[Required work] Using the records that appear below, write out exactly the lines from the one with "Passport and Money images" through the one with "Buy Giorgio Armani", keeping both end lines.

** Source material follows **

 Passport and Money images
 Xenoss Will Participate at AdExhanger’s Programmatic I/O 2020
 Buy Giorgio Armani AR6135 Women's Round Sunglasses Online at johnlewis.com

** End of Source material **
** Source material follows **

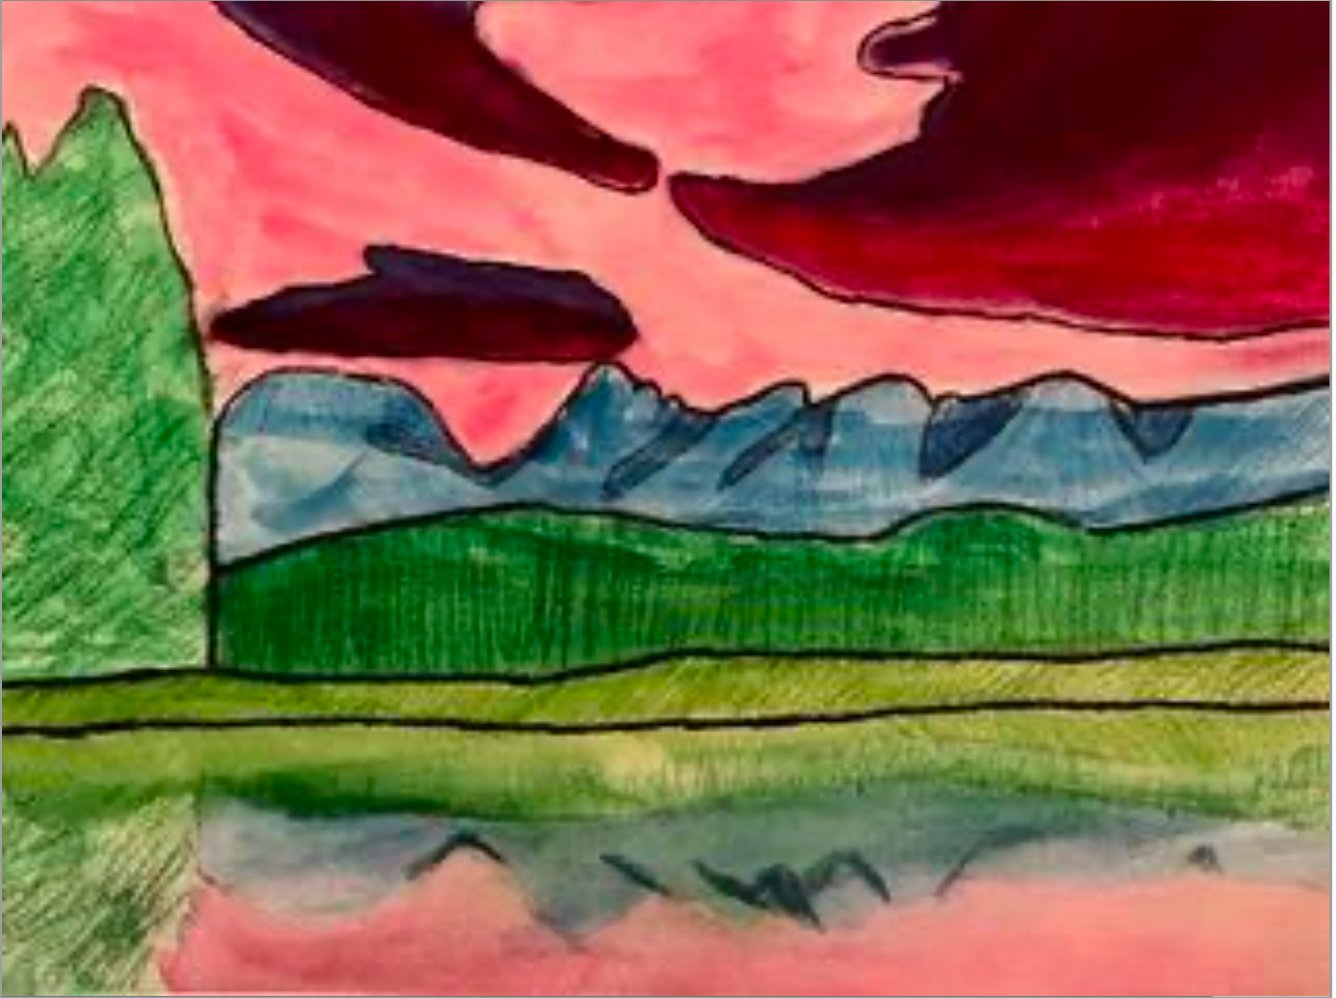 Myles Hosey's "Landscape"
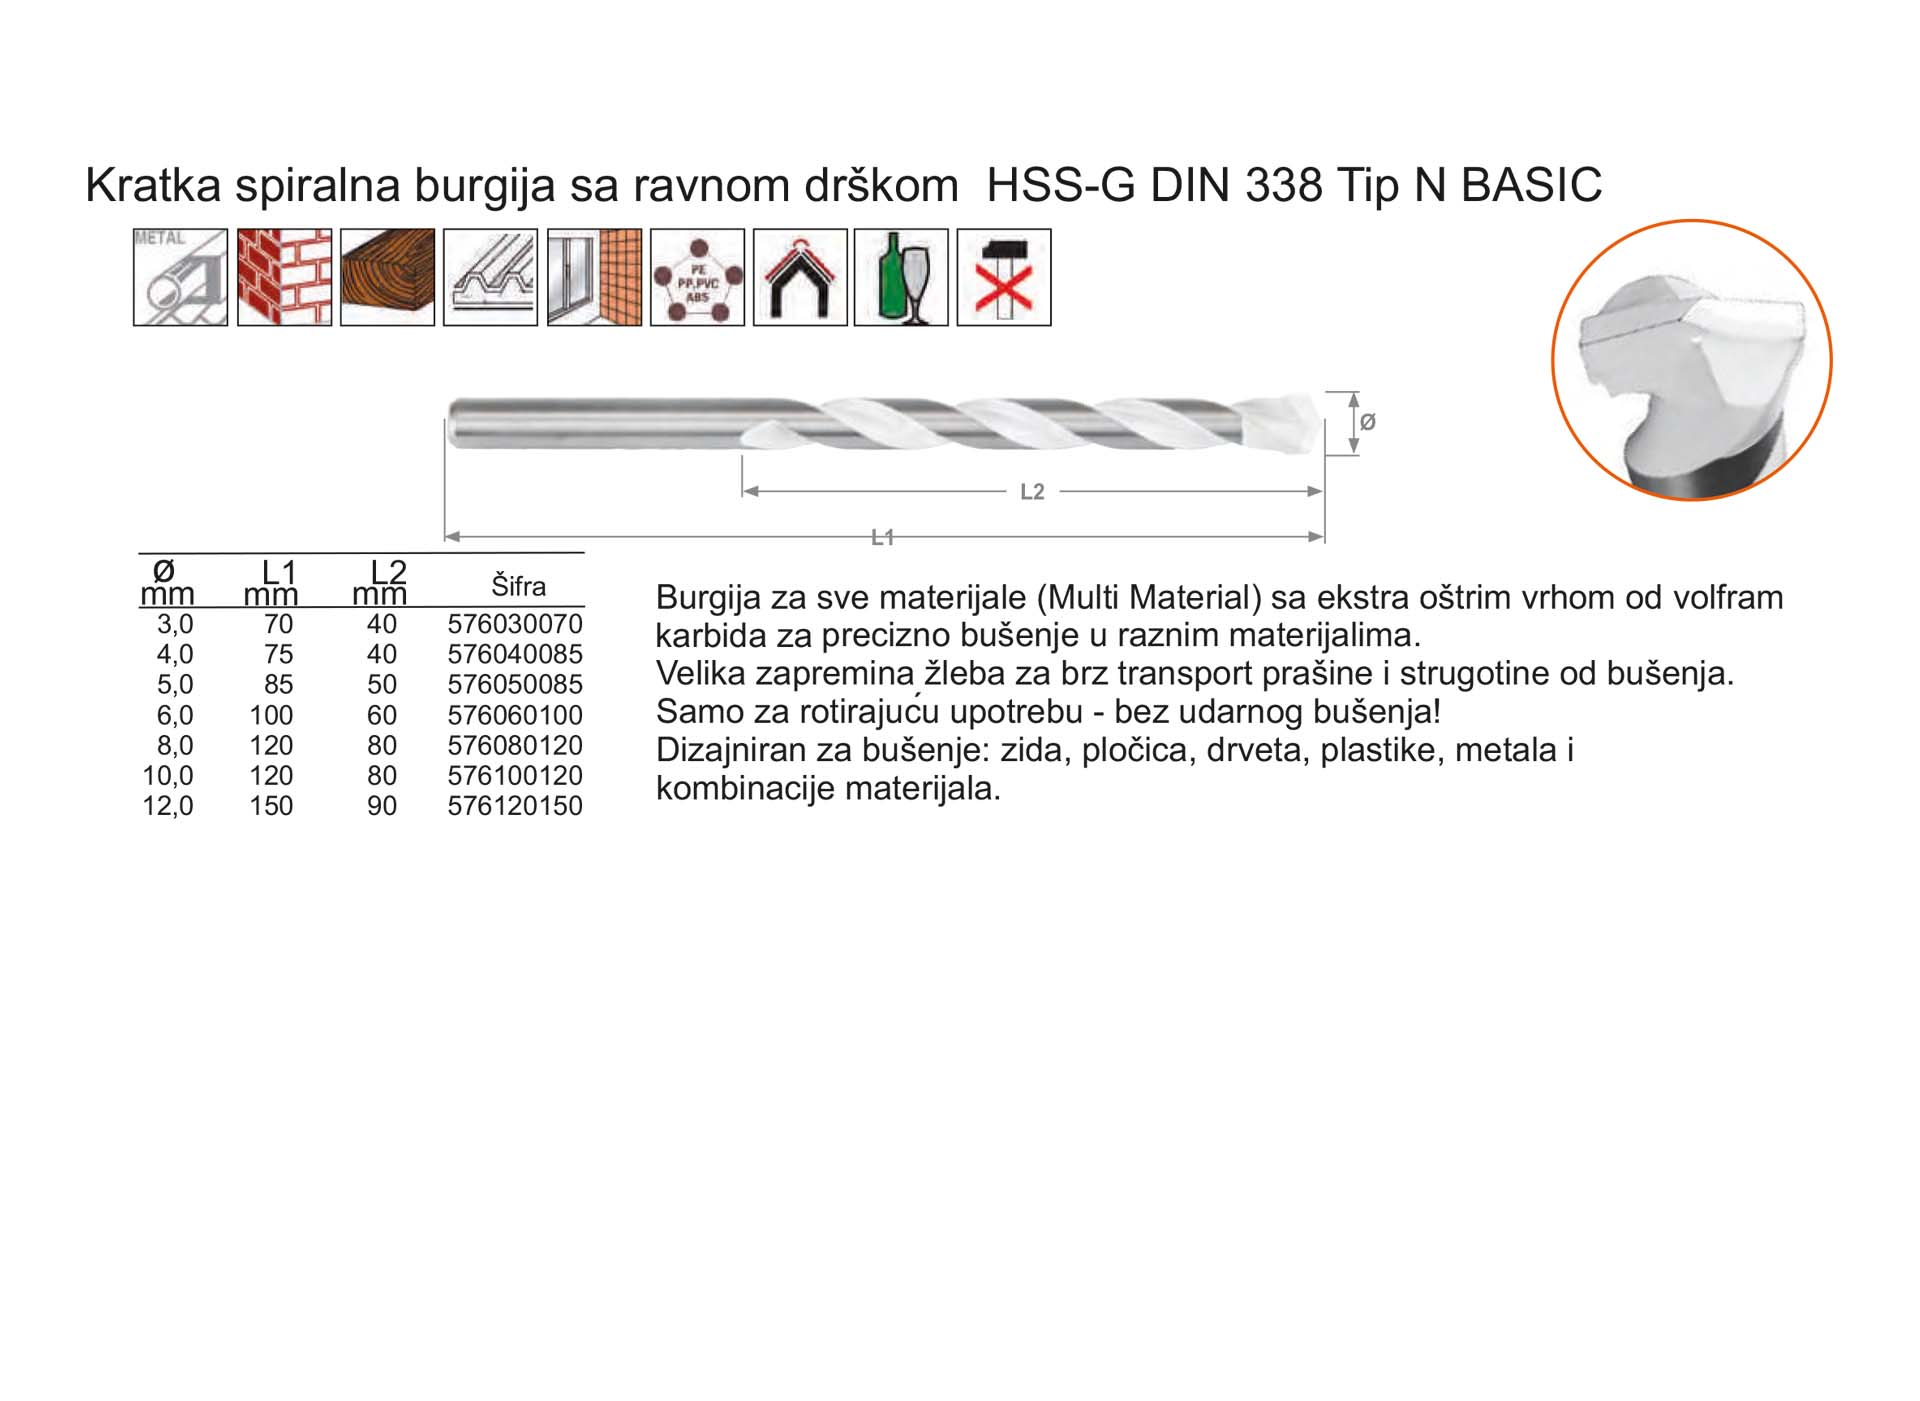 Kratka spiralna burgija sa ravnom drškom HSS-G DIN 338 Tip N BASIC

** End of Source material **

[Expected answer]
 Passport and Money images
 Xenoss Will Participate at AdExhanger’s Programmatic I/O 2020
 Buy Giorgio Armani AR6135 Women's Round Sunglasses Online at johnlewis.com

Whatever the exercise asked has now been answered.